-- Records for this task follows --
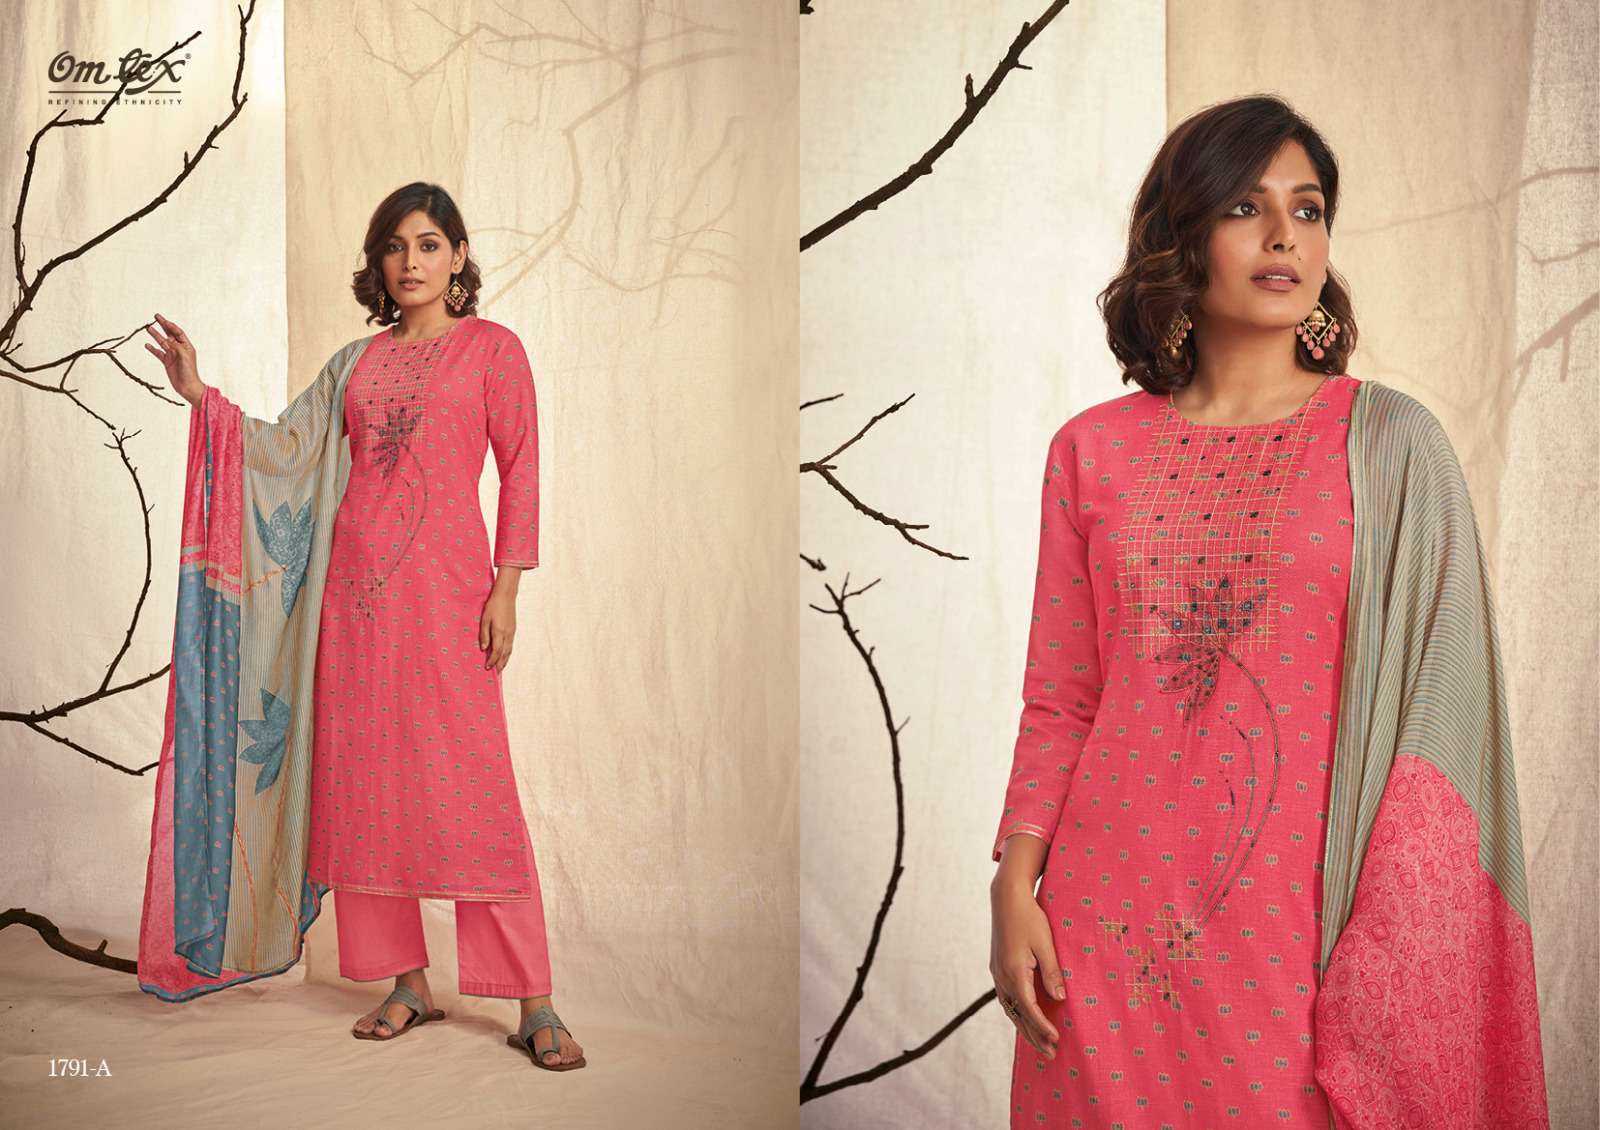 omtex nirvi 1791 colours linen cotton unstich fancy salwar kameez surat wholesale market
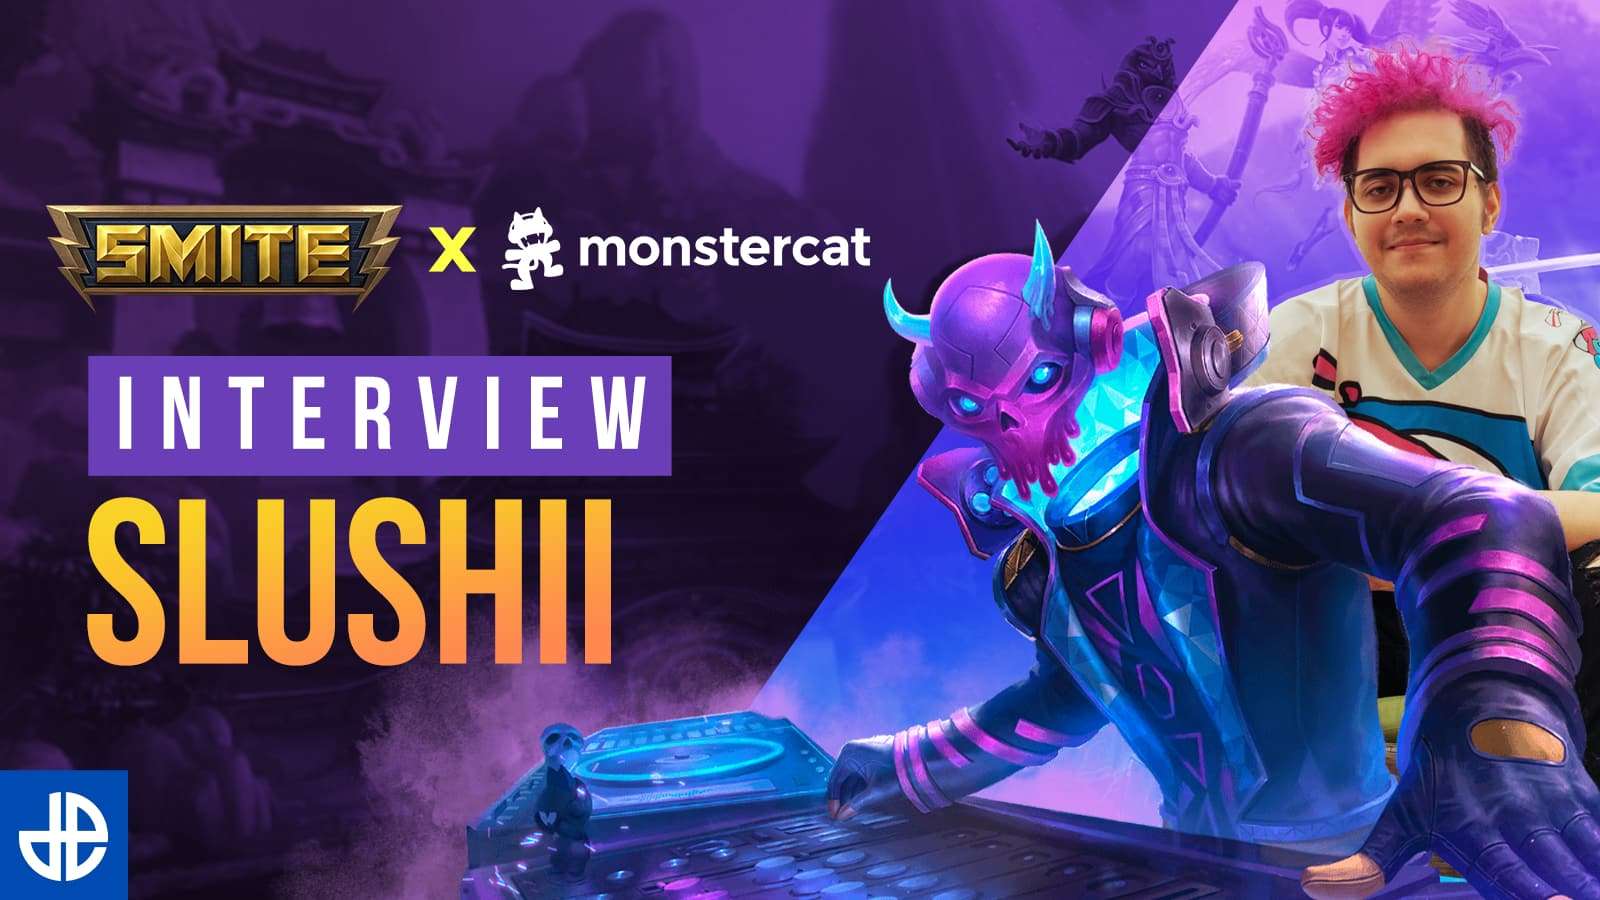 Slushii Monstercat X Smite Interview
-- Records for this task concluded --
-- Records for this task follows --
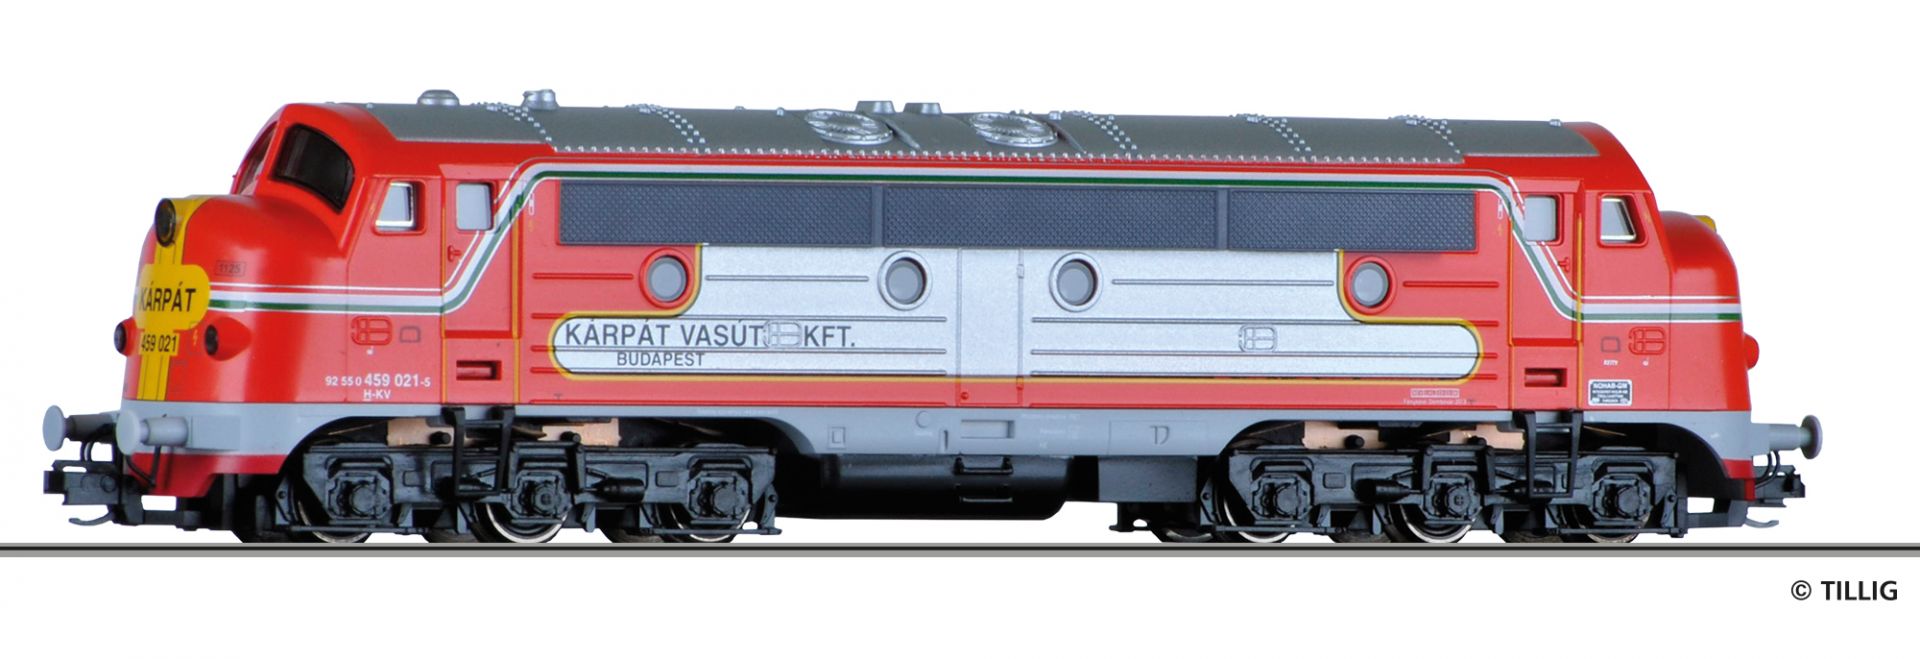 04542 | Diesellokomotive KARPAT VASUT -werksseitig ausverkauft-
-- Records for this task concluded --
• **Exercise goal**
Retype the lines above exactly as they appear, from the line containing "omtex nirvi 1791" through the line containing "Slushii Monstercat X Smite Interview", and leave out any pictures.

• **Written reply**
 omtex nirvi 1791 colours linen cotton unstich fancy salwar kameez surat wholesale market
 Slushii Monstercat X Smite Interview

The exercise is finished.